--- DATA ---
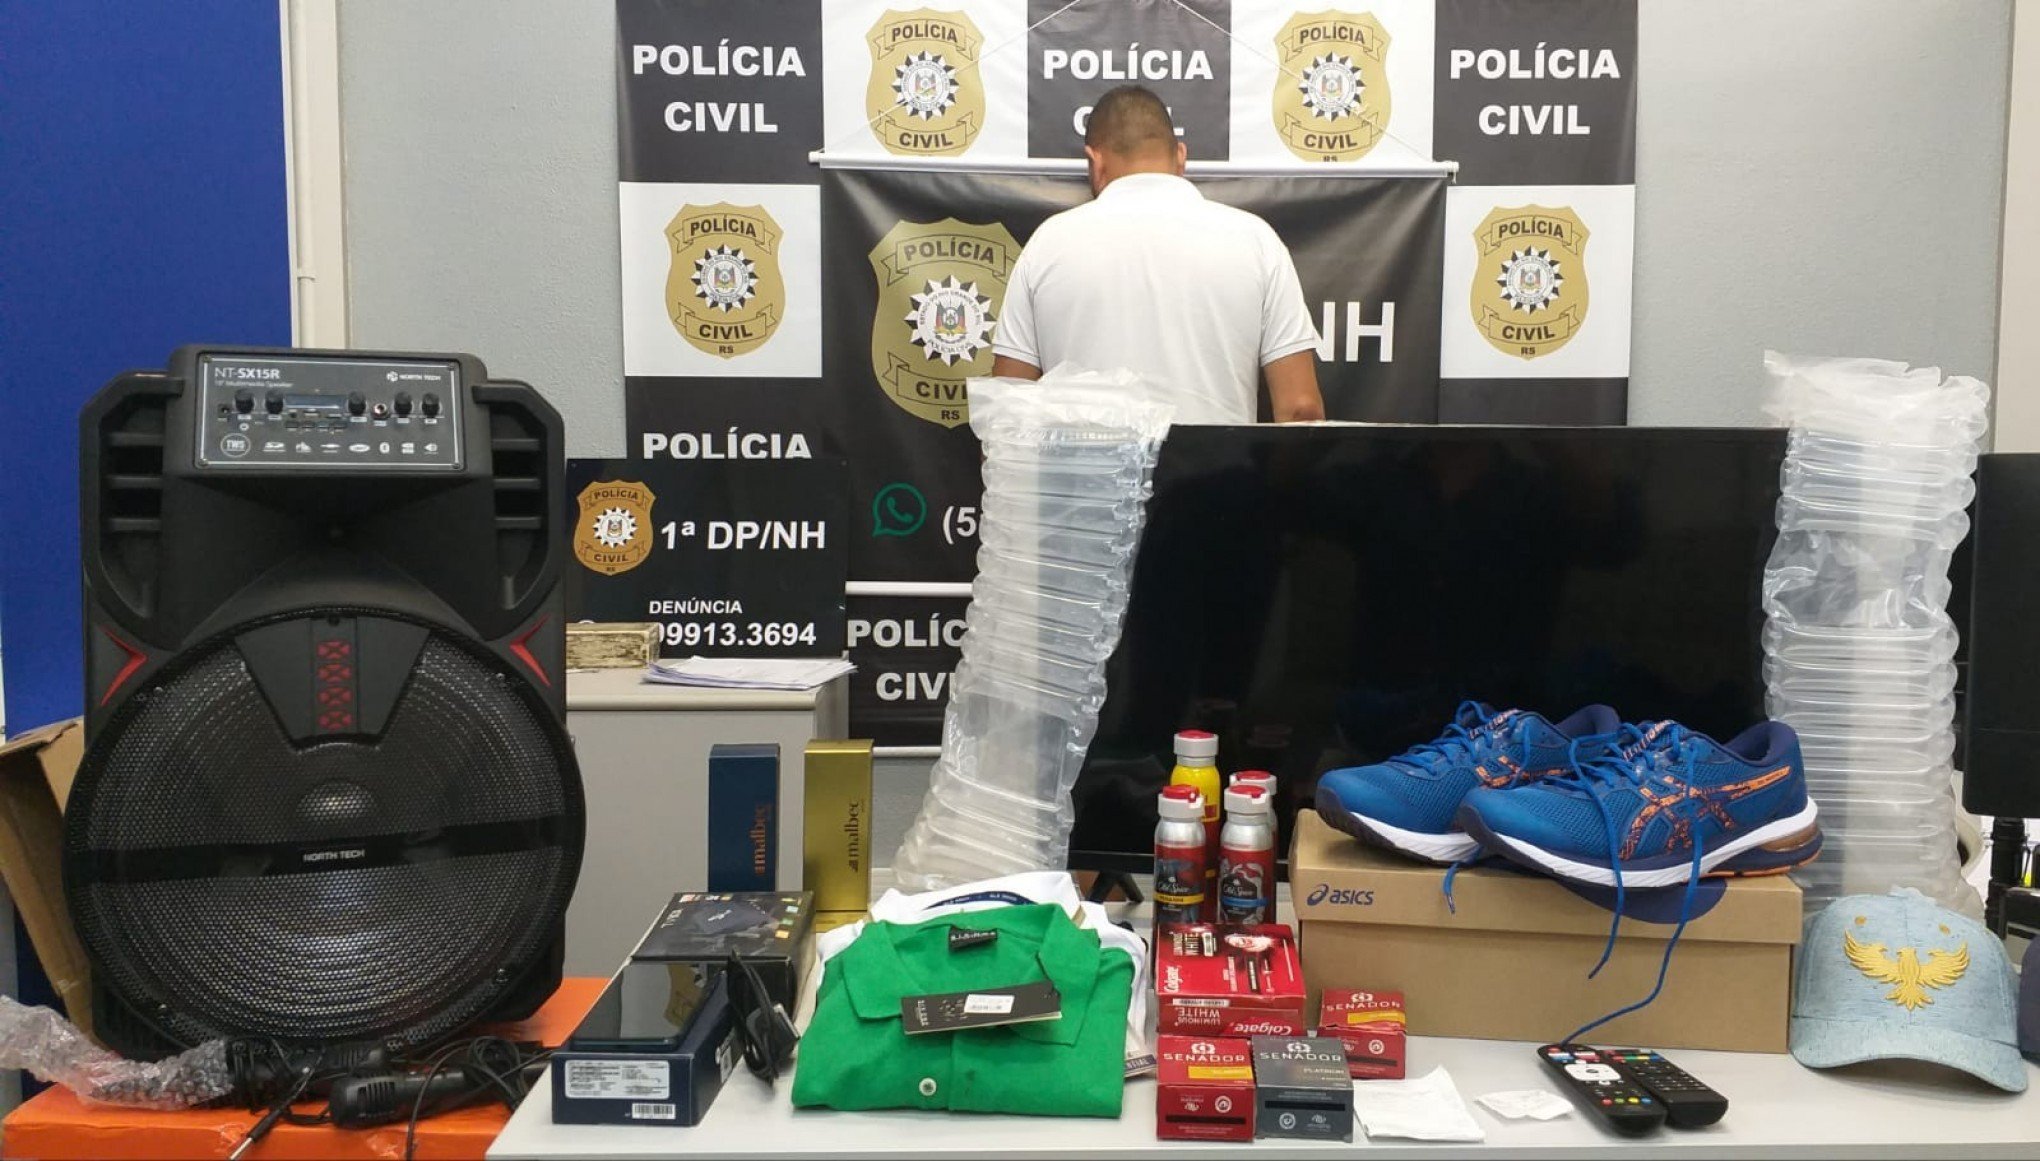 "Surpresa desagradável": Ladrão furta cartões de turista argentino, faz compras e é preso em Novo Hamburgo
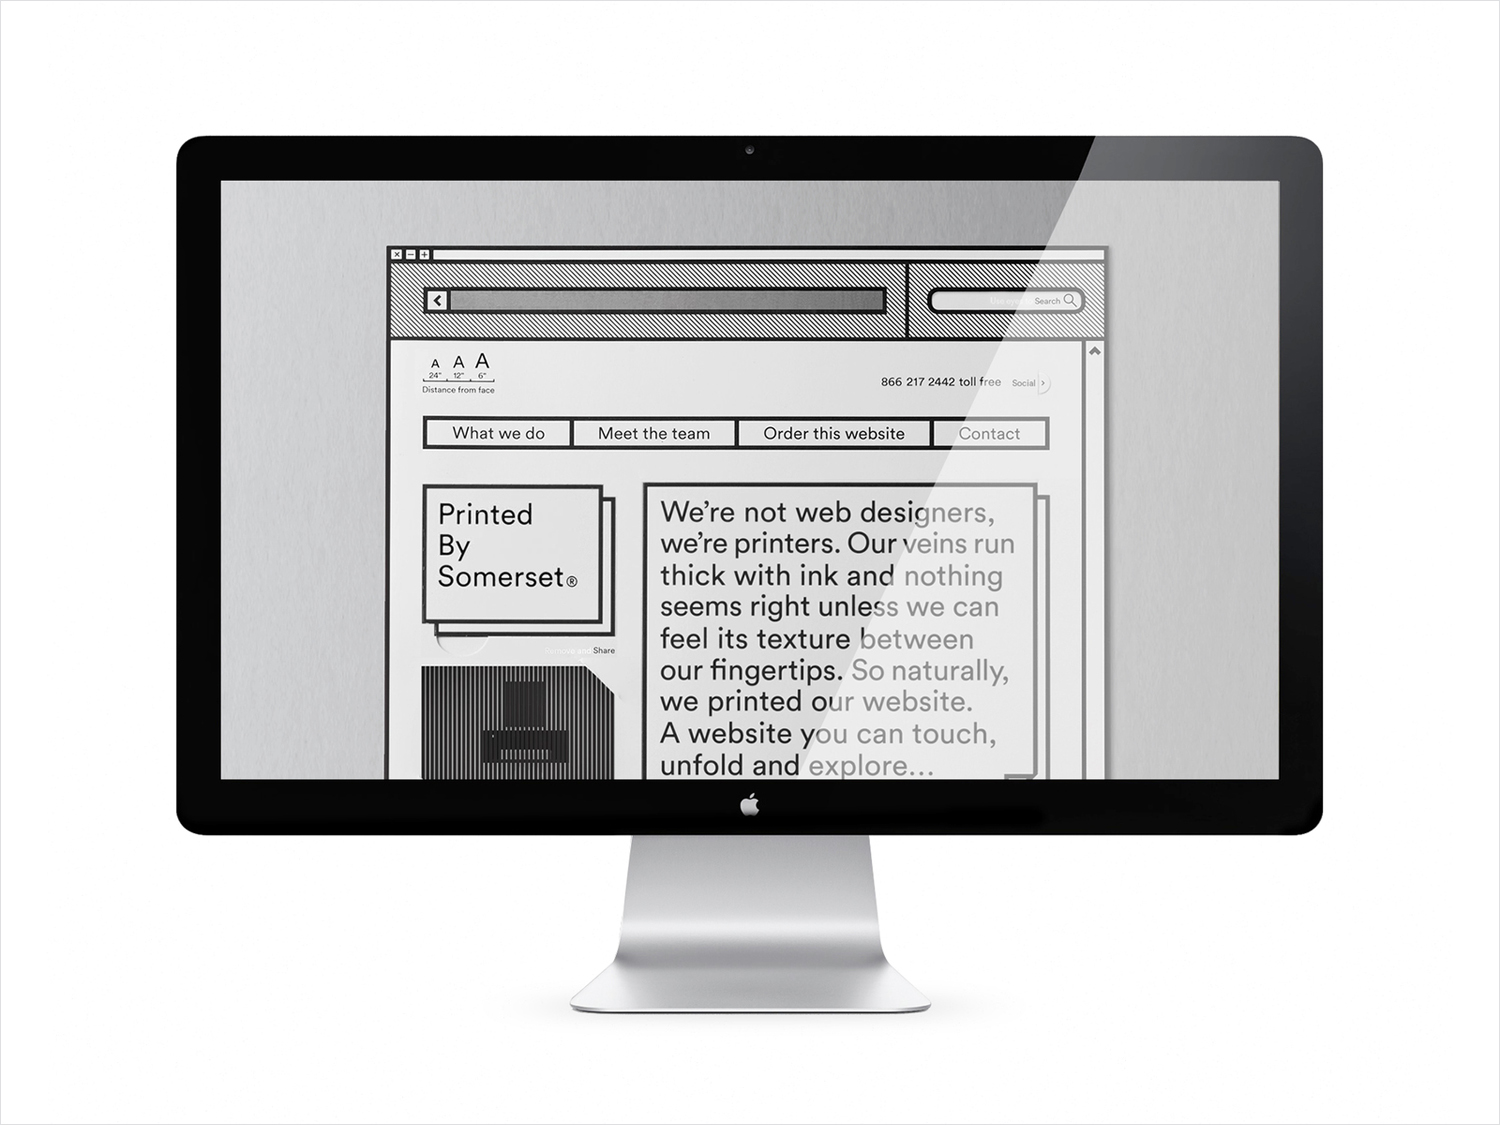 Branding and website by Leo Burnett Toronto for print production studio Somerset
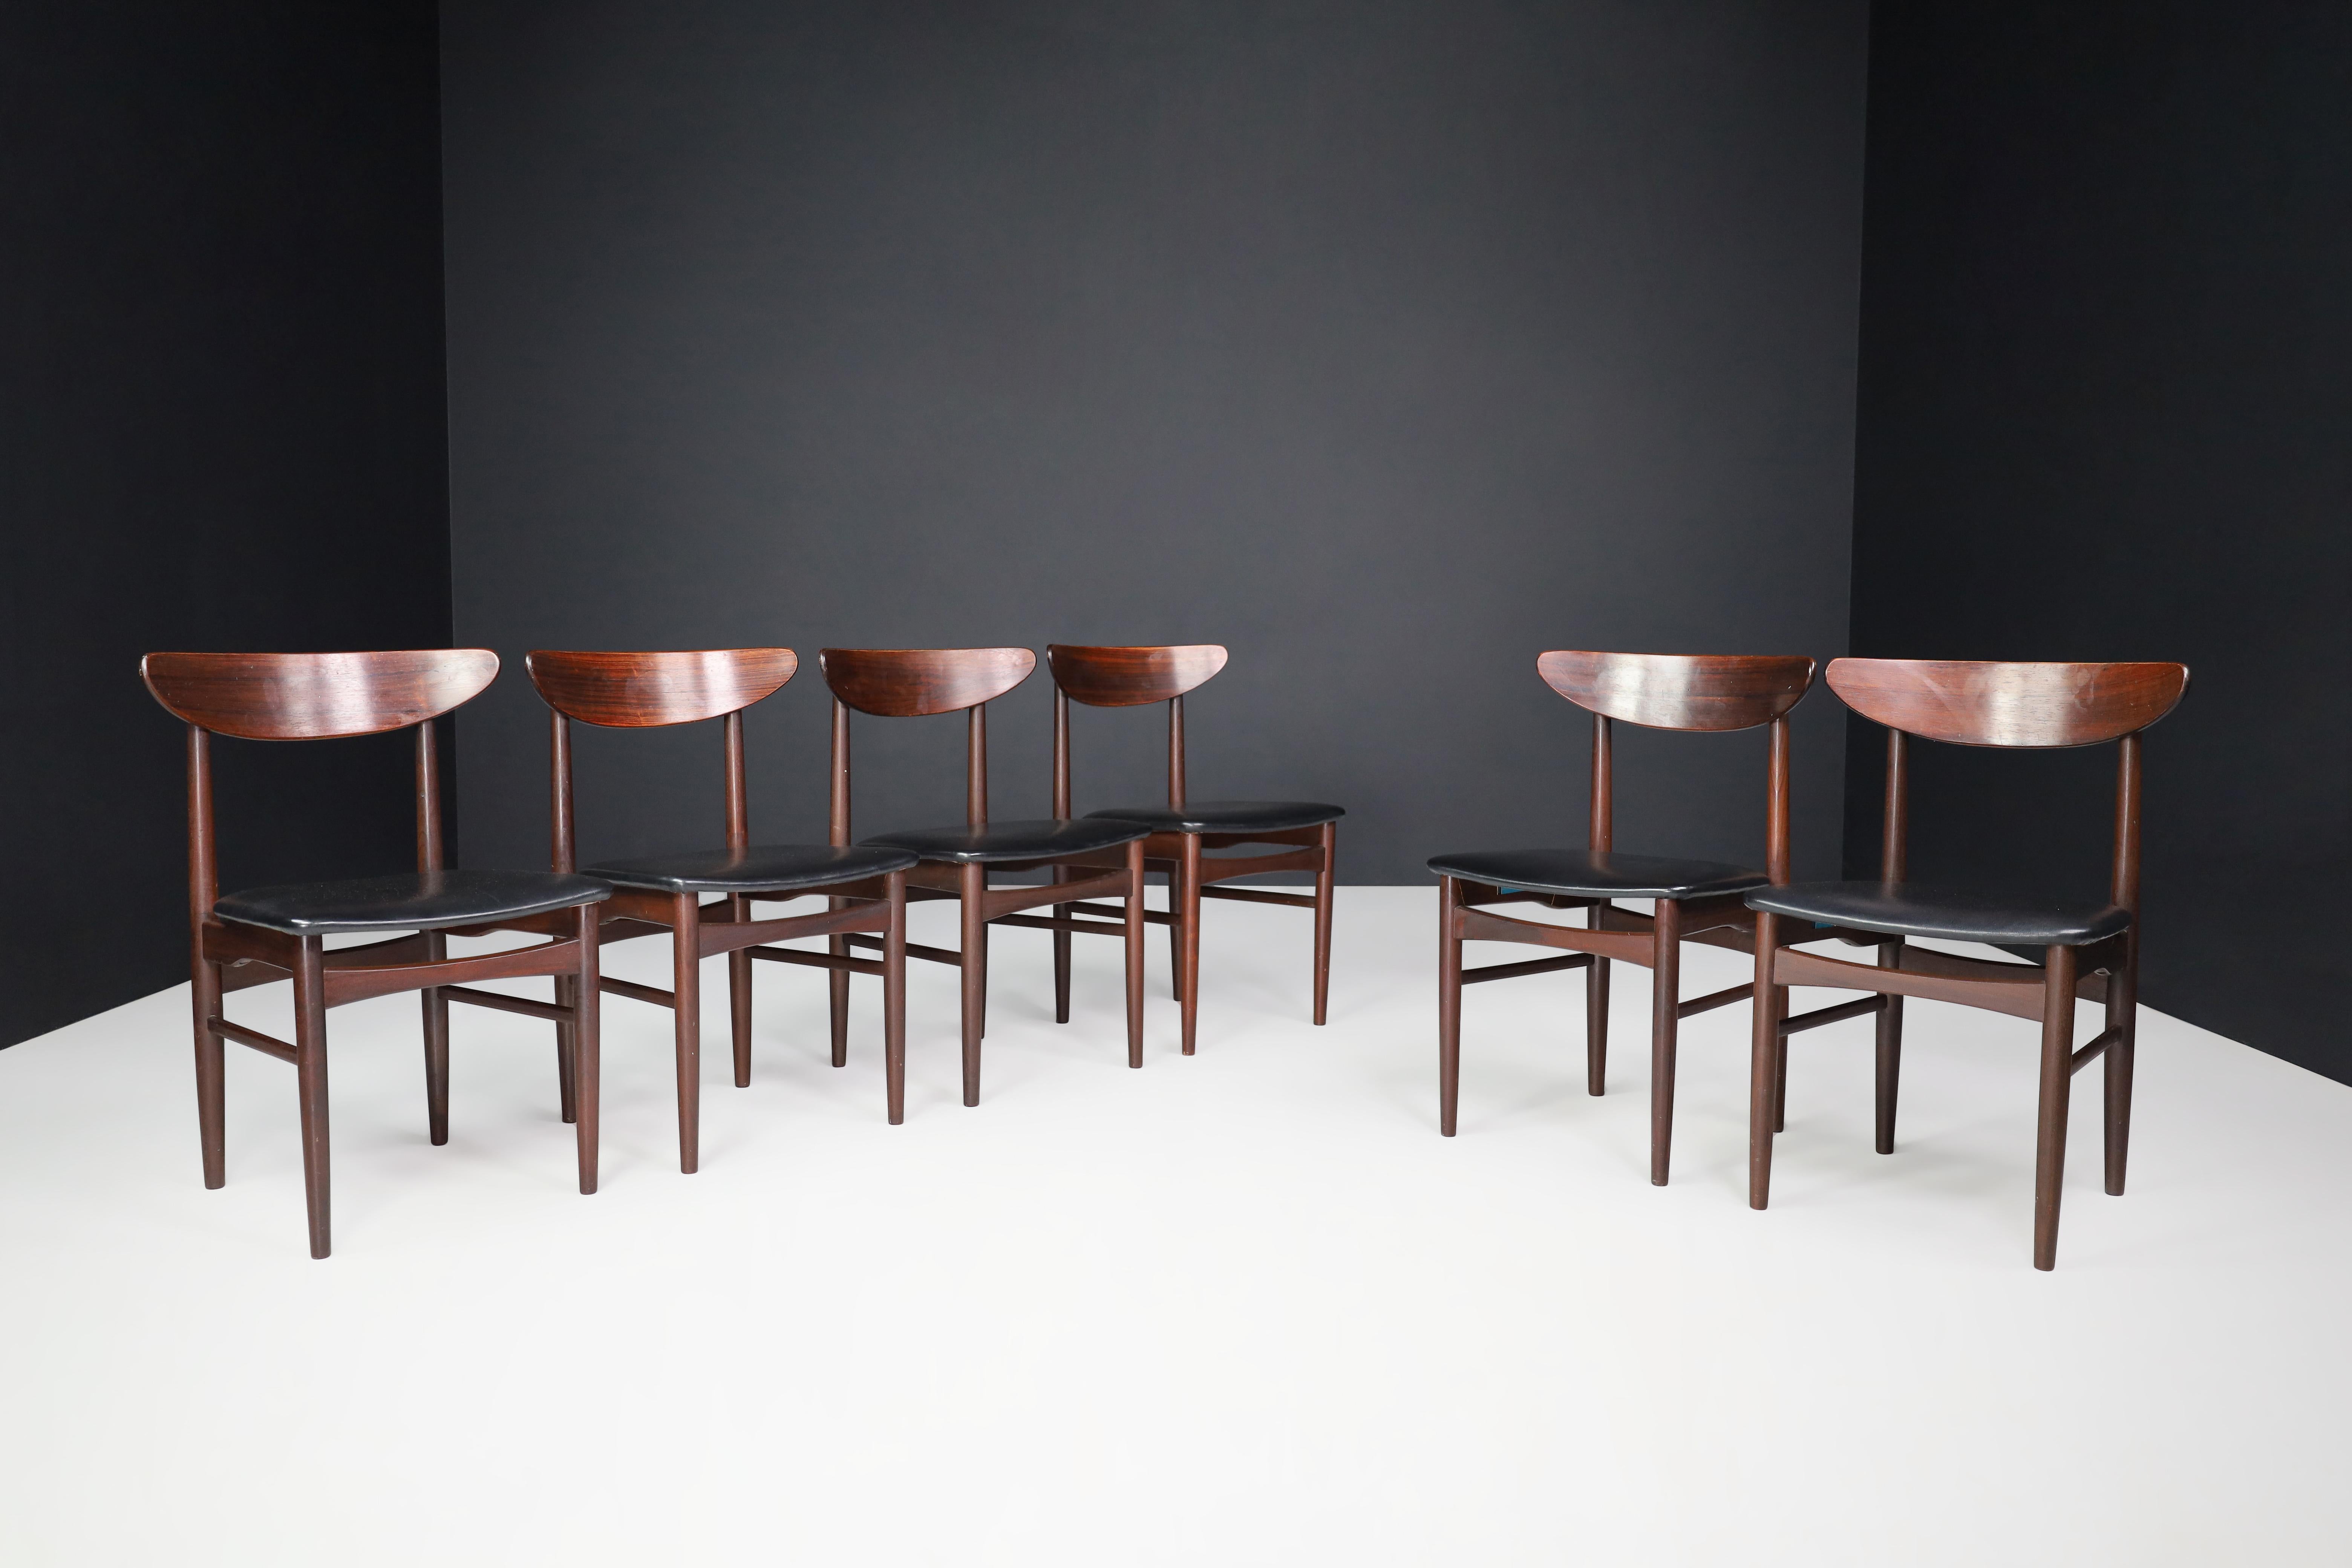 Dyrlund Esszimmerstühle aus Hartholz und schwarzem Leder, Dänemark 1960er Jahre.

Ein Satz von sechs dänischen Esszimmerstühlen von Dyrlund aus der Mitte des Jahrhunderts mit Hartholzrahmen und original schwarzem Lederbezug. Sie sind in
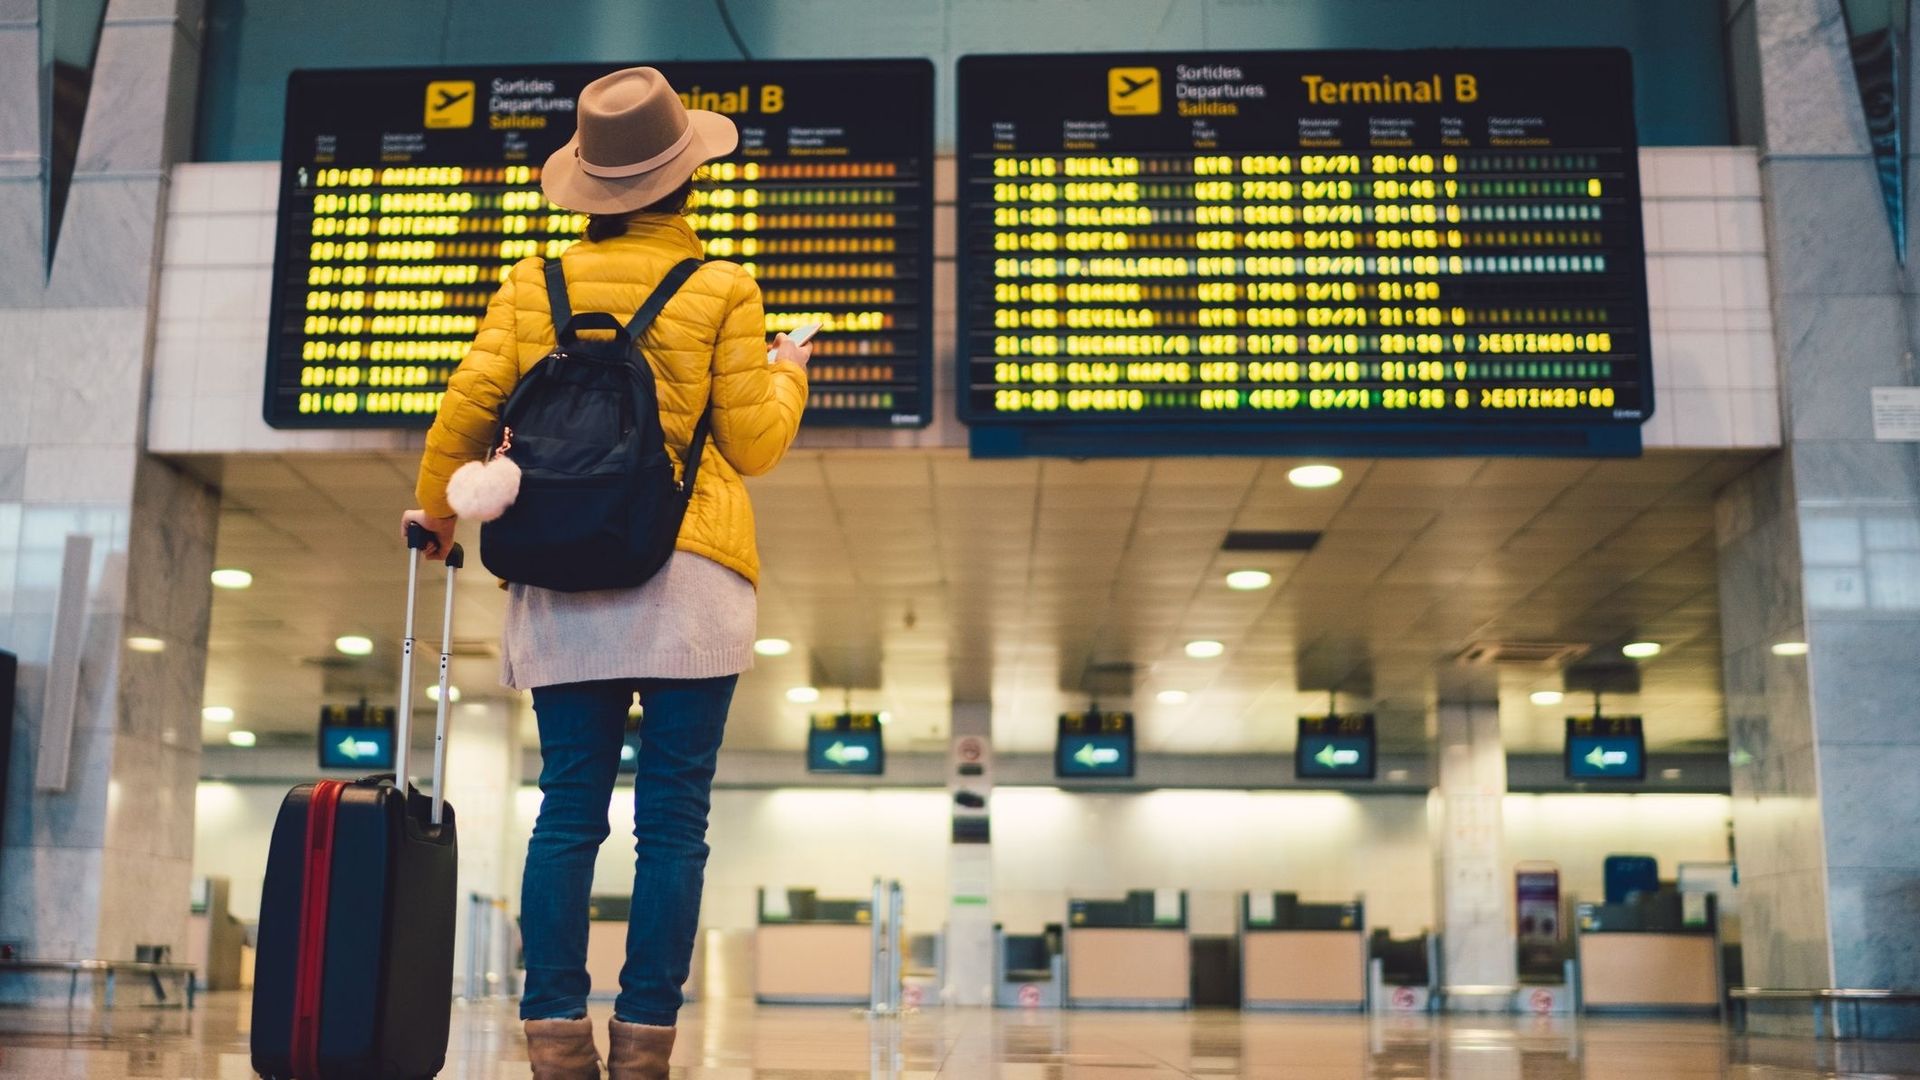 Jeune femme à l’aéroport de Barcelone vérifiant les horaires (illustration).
---
→ TASK TO CARRY OUT
Exact repetition of each line above is expected; images are to be omitted.

→ RESULT OF THIS TASK
 "Surpresa desagradável": Ladrão furta cartões de turista argentino, faz compras e é preso em Novo Hamburgo
 Branding and website by Leo Burnett Toronto for print production studio Somerset
 Dyrlund Esszimmerstühle aus Hartholz und schwarzem Leder, Dänemark 1960er Jahre.

Ein Satz von sechs dänischen Esszimmerstühlen von Dyrlund aus der Mitte des Jahrhunderts mit Hartholzrahmen und original schwarzem Lederbezug. Sie sind in
 Jeune femme à l’aéroport de Barcelone vérifiant les horaires (illustration).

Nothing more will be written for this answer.